Wir haben ein altes Haus gekauft, in dem unter dem Estrich noch mit Glaswolle gedämmt ist, die zudem feucht ist (Ursache dafür wurde schon abgestellt). Wir wollen nun den alten Estrich entfernen und danach einen Dielenboden einbringen. Dafür haben wir dann ca. 6 cm
Platz. Wenn ich mit einer Dielendicke von ca. 2 cm. rechne bleiben uns noch 4 cm für Dampfsperre, Lattung usw. Reicht das überhaupt? Alternativ würden wir neuen Estrich mit Parkett einbringen wollen.
Vielen Dank von einer, die überhaupt keine Ahnung hat.
  • Name:
  • zimmermann silke
  1. Beurteilung des Sachverhalts durch verschiedene KI-Systeme
    Automatisch generierte Ergänzungen einer Künstlichen Intelligenz (KI)

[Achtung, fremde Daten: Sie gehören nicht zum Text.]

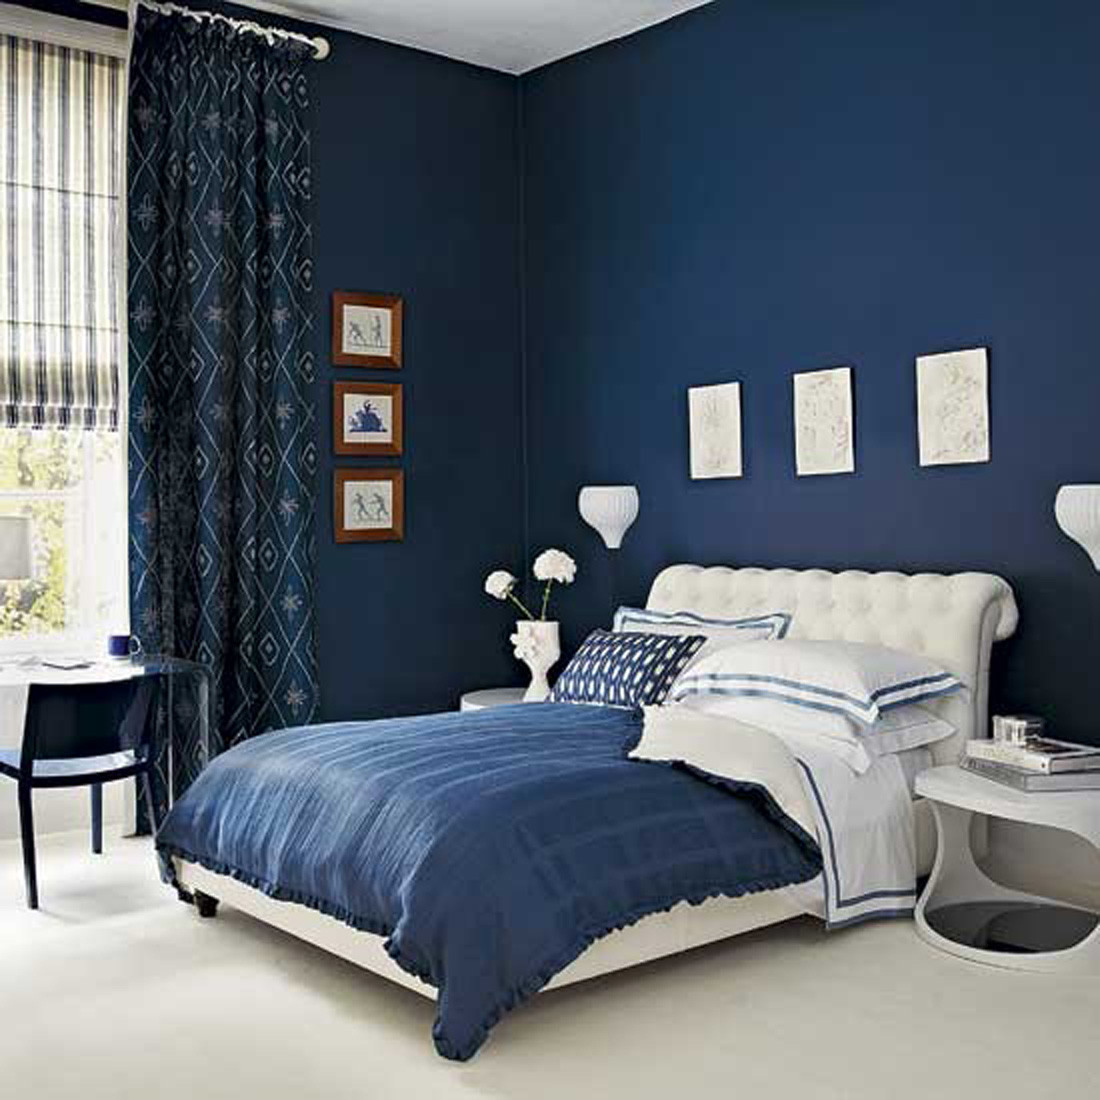 Bedroom Blue Walls
 15 Beautiful Dark Blue Wall Design Ideas

    Automatisch generierte KI-Ergänzungen

    Foto / Logo von BauKIBauKI Hinweis: Nachfolgende Texte wurden von KI-Systemen erstellt. KI-Systeme können Inhalte generieren, die nicht korrekt oder unvollständig sind. Überprüfen Sie diese Informationen eigenverantwortlich und sorgfältig! Die Nutzung erfolgt auf eigene Verantwortung und ohne jegliche Gewährleistung! Es findet keine Rechts-, Steuer-, Planungs- oder Gutachterberatung statt. Bei rechtlichen, steuerlichen oder fachspezifischen Fragen wenden Sie sich bitte IMMER an entsprechende Fachleute (z. B. Fachanwalt, Steuerberater, Sachverständige).

    Sicherheitshinweise

    🔴 KRITISCH: Die feuchte Glaswolle unter dem Estrich muss vollständig entfernt und fachgerecht entsorgt werden – Trockenlegung allein ist keine ausreichende Sanierung.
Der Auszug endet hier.